There are pros and cons. Older house actually has real walls you can attach things to, walls that mean that sounds don't travel around the house so much. When it's warm like now older house stays much cooler vs the newer home we really struggled to cool down. In winter hands down newer place, 3, 2, 1 and it was warm.


dhutch

16,305 posts

212 months

Wednesday 18th June
quotequote all
Edwardian 4 bed semi, 245sqm. Wirral Peninsular.

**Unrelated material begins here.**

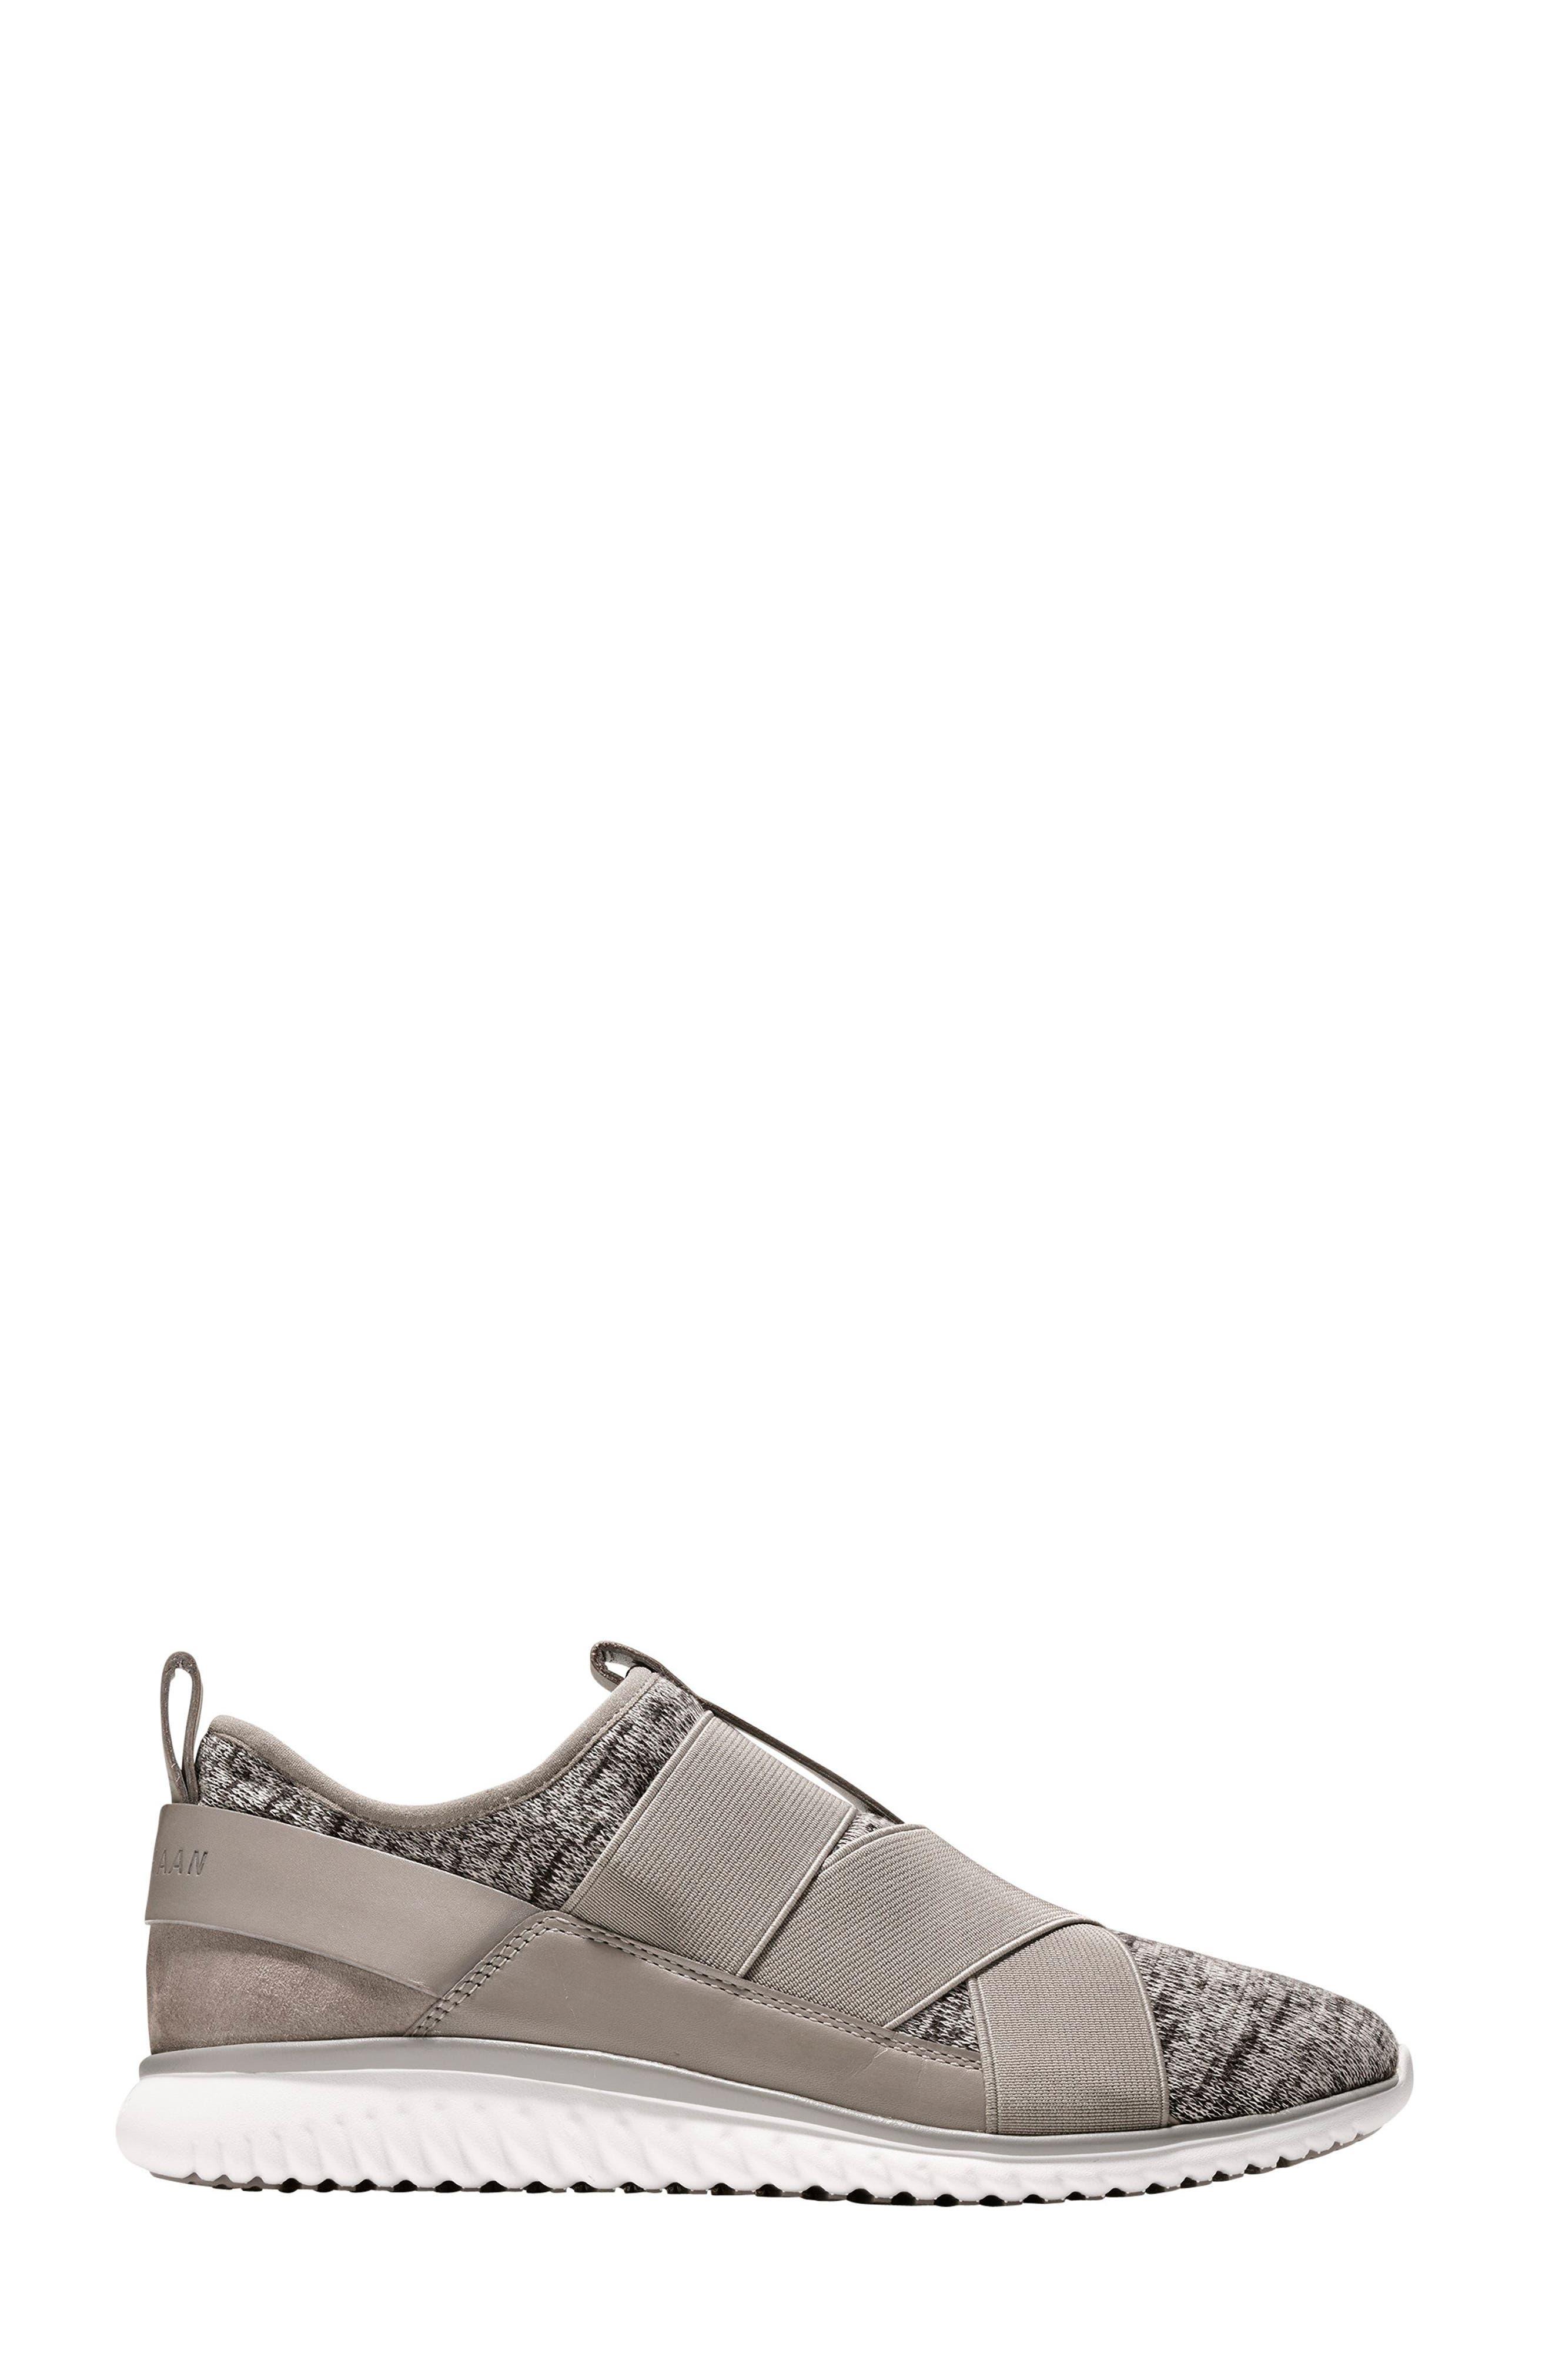 'StudioGrand' Sneaker,                             Alternate thumbnail 18, color,

Reasonable loft insulation, but solid walls throughout, mix of solid and suspended floors, big bay windows (replaced in 80s with uPVC).
Gas system boiler, running 55degC flow temps to large radiators, 250l modern stainless OSO hot water cylinder.

Estimated Annual Usage
Elec 2842 kWh
Gas 32616 kWh

Current forecast £280/month

OutInTheShed

11,250 posts

41 months

Wednesday 18th June
quotequote all
House is a bit over 25 years old, 4/5 bed.
Gas heating about £800 a year, South Devon on Octopus's latest guess.
That's after putting a fair bit of effort into sorting draughts, insulation between house and garage, topping up loft insulation etc.

A few friends with newer places pay at least as much, you get to a point where the need for ventilation and the general reality of people opening doors and stuff start to limit the effect of yet more insulation.
Modern places with in-fashion big glazing and no curtains to insulate the windows, open plan layouts etc can all be wasteful.
We have patio windows with a view, only shut the curtains when it's particularly cold, it makes a difference.

Also some people simply like their houses warmer or cooler, so there's a limit to the value of comparing with other people's bills.